The data set we will be using in this tutorial is Kaggles Titanic Dataset. You can download from here.

There are 12 variables present in this data set. Here is an overview:

  • PassengerId: Each passengers unique ID

  • Pclass: The passenger class; 1st, 2nd and 3rd. The first was the upper class, and the third was the lower class.

  • Name

  • Sex

  • Age

  • SibSp: Number of siblings and/or spouses on board

  • Parch: Number of parents and/or children on board

  • Ticket: Ticket Number

  • Fare

  • Cabin

  • Embarked: Port of embarkation

  • Survived: Whether or not a passenger survived the Titanic. A value of 1 means the passenger survived, and a value of 0 means they did not.

For this data analysis, We will created a list of simple questions we can answer by visualizing the Titanic dataset:

  • How many people survived the Titanic?

  • Which gender was more likely to survive the Titanic?

  • Did the class the passenger was in have any impact on their survival?

  • Were younger people more likely to survive the Titanic?

  • Were passengers who paid higher fares more likely to survive the Titanic?

Download Tableau

Click on this link to download and install Tableau Public on your computer. Tableau Public is a free service that allows anyone to create interactive visualizations.

It is a free version of the Tableau Software that allows you to use most of the software functions. You can connect to CSV files, Excel spreadsheets, and text documents.

However, you will not be able to save your work locally on your computer. You will have to save and access it from Tableau Public.

Tableau Approach

  1. Question: what are we aiming to answer?

  2. Exploration: what does our data support?

  3. Design: how will our dashboard look?

Basic Tableu Terminology

Data Connector

When you first open Tableau, you will be prompted to connect to a data file or server. Typically, locally saved data files or extracts are used. In my experience, servers are used by large organizations to align data files to what is held in the company records. To connect a data file, select a file type, then:

  • Connection: shows which data files have been uploaded

  • Files: shows all the sheets from the file

  • Note: if this is a data refresh, make sure to refresh all extracts on the worksheets

Worksheets

Worksheets are where all the visualizations are built. Worksheets can be combined and published as Dashboards or Storyboards.

  • Show Me: Tableau’s standard charts, they are highly customizable so a great place to draw inspiration from

  • Data Pane: loads in all columns from the data

  • Dimensions: qualitative columns, splits the data into groups

  • Measures: quantitative columns, simple table calculations can be performed on them

  • View Pane: where visualizations are built

  • Pill: represents a column. Columns can be dragged an dropped from the data pane onto the view pane

  • Card: represents a given aspect of the visual (ex, columns or rows). What you drop a card into, a pill must fall within it (a card can have multiple pills)

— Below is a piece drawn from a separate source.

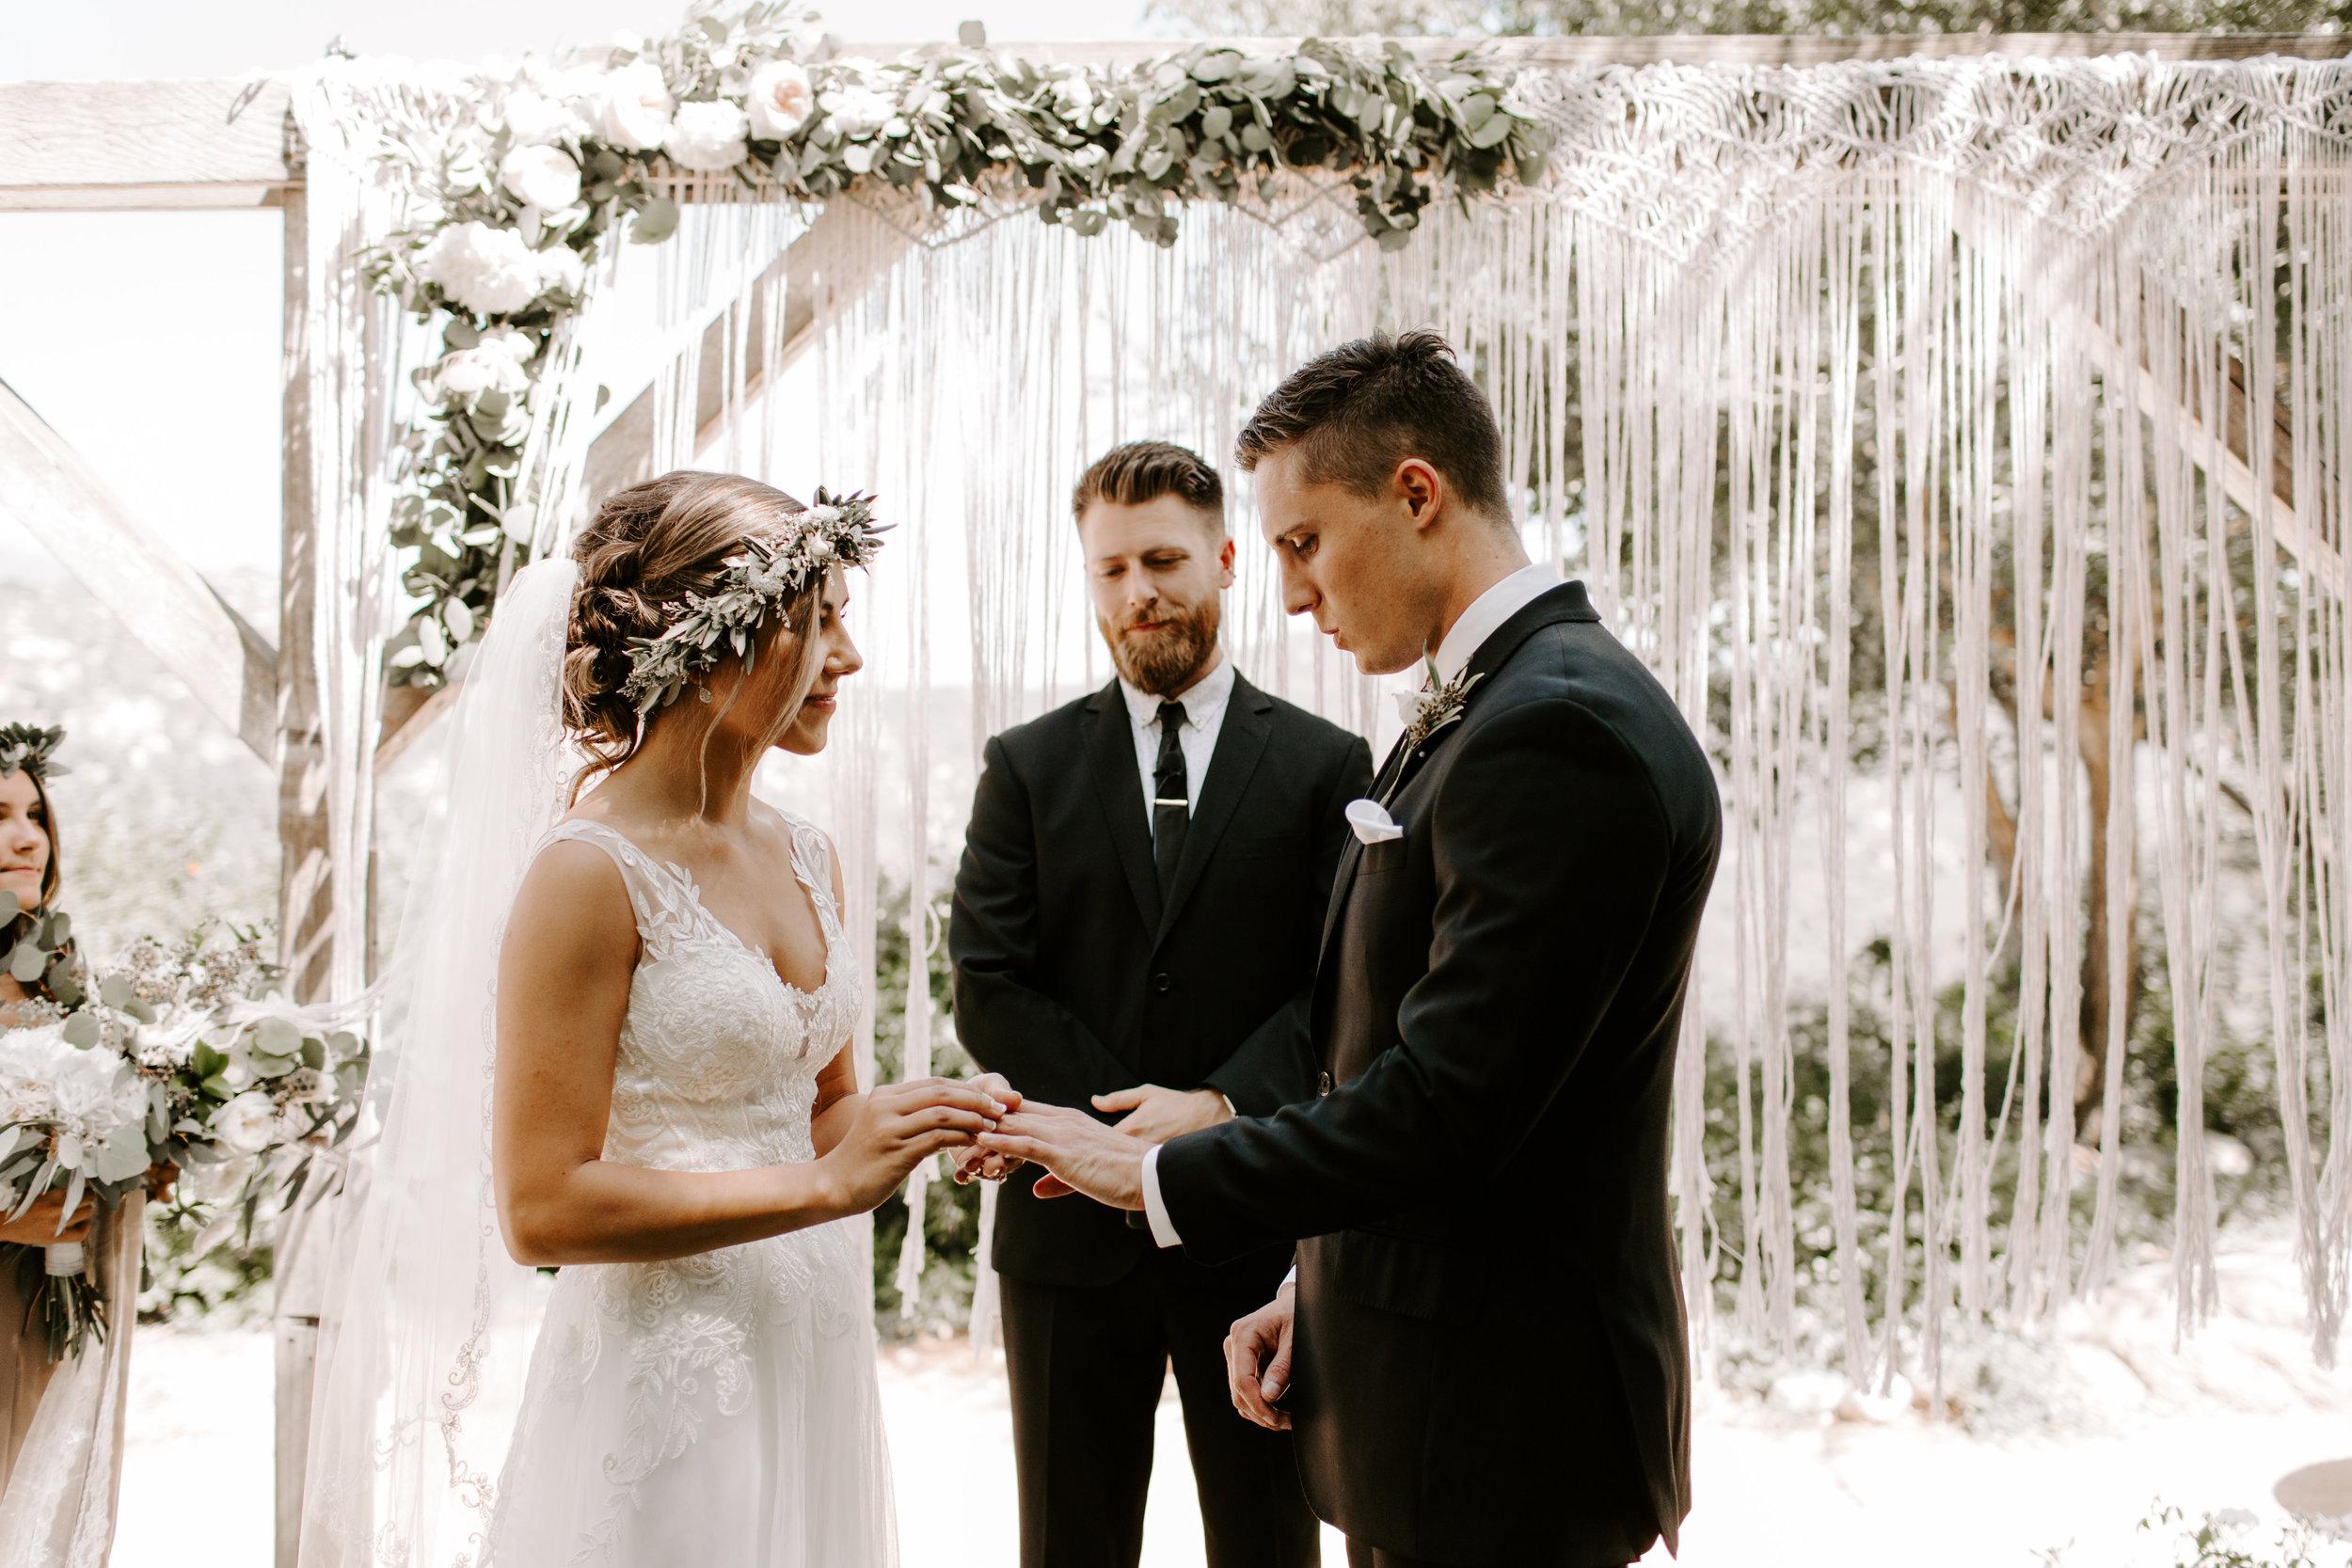 kate+zack_wedding_secludedgardenestate_temecula_madisonrylee_0367.jpg
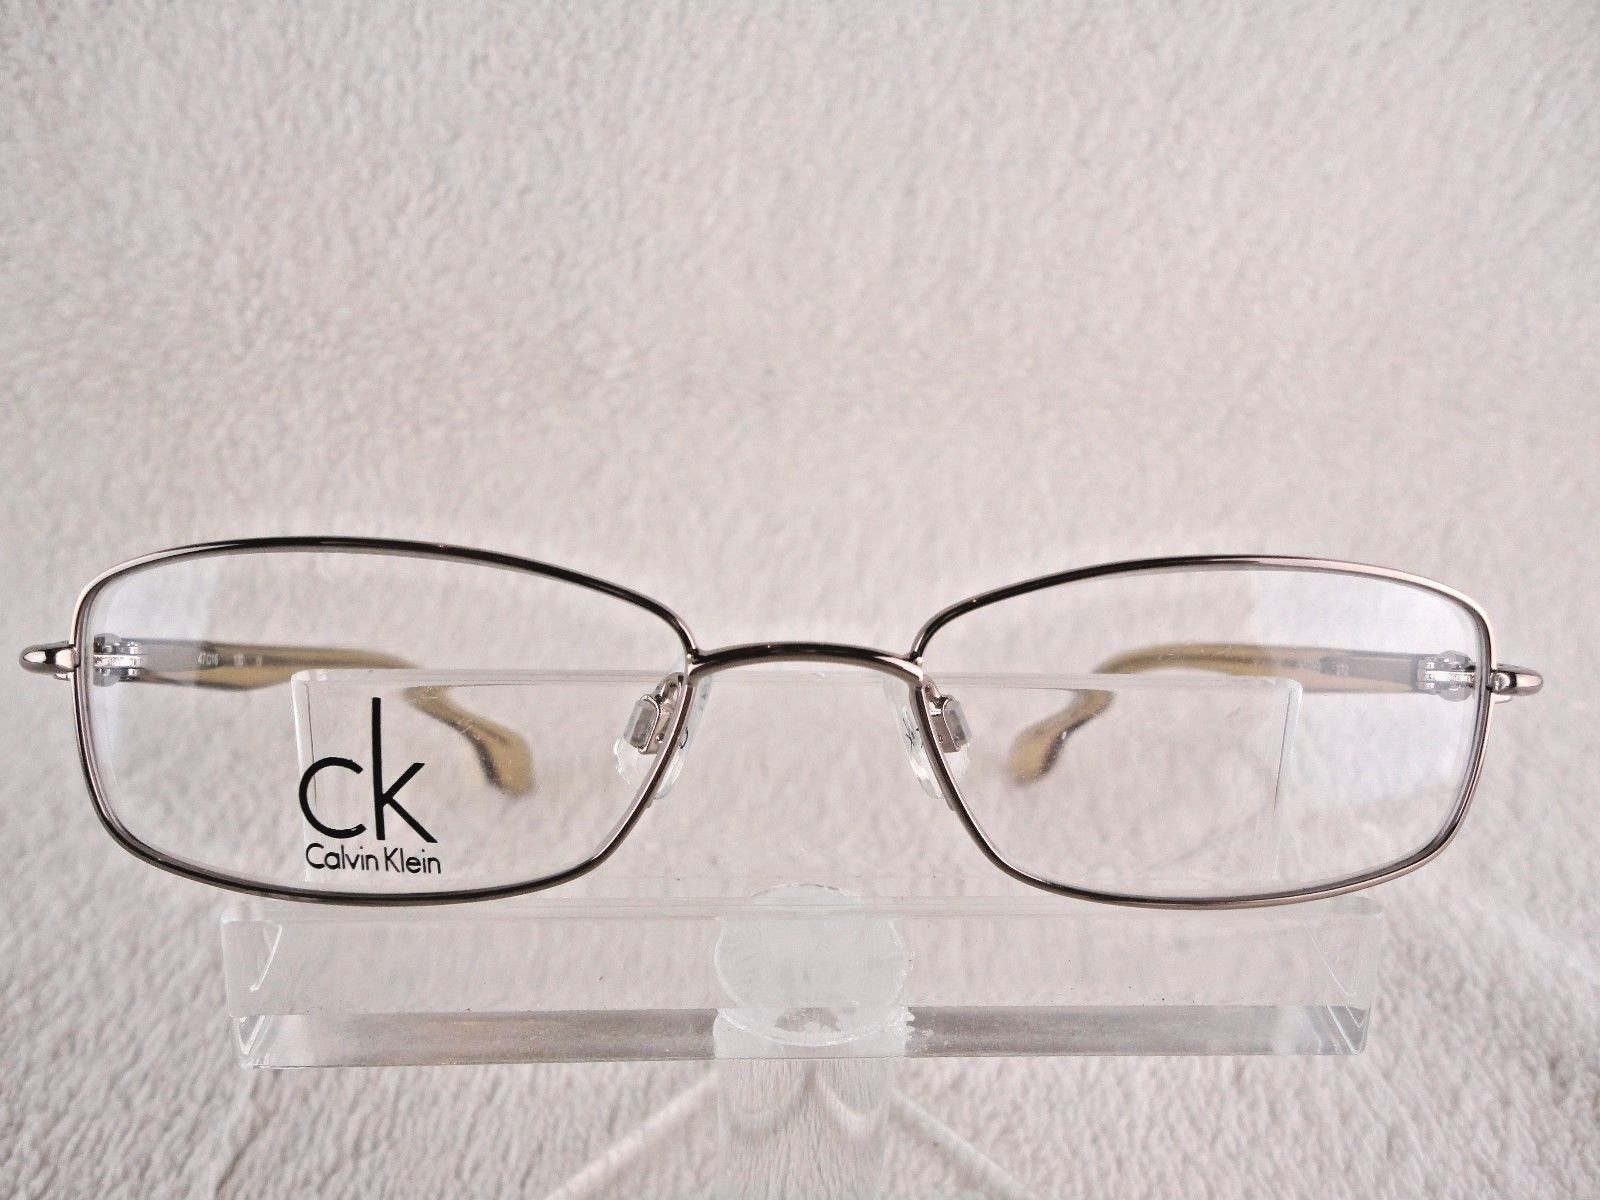 Calvin Klein CK 5299 (272) Taupe 47 x 16 130 mm PETITE Eyeglass Frames

  • Columns: when a pill is dragged and dropped into this card, it will show this column in a table format on the view pane (format can be changed using Show Me)

  • Rows: when a pill is dragged and dropped into this card, it will show this row in a table format on the view pane (format can be changed using Show Me)

  • Filters: allows you to filter the data. Pills can be dragged and dropped into the Filter Pane (right click on the filter and select Show Filter, it will appear on the right side of the screen). Filters can also be created using formulas

  • Marks: data points found in the visualization. Used for visual formatting to adjust specific features (ex, colour, label, size)

Connect to DataSource

connect

After your installation is complete, open Tableau Public. You will see a pane that looks like this on the left side of the window.

To connect to our data, click on Microsoft Excel. Then, find the Excel spreadsheet we just created and open it.

You will see a window that looks like this:

loaded

Data Analysis

To start analyzing the data, click on Sheet 1 at the bottom left corner of the screen.

You will see the following screen come up:

sheet1

Pay careful attention to the data pane (on the left side of the screen). You will see the different variable names.

data

There are two things you need to know about the way Tableau classifies variables:

Data Type

Firstly, Tableau assigns each variable a data type — String, DateTime, Decimal, etc.

It is important to take a look at each variable and ensure that the data type is correct since it is possible for Tableau to get it wrong ( For example, Tableau could incorrectly classify a Datetime object as a String).

In this case, however, Tableau has seemed to have assigned the correct data type to each variable. We do not need to make any changes here.

Measures and Dimensions

Tableau also classifies variables into measures and dimensions.

Measures are types of variables that can be aggregated, or used for mathematical operations.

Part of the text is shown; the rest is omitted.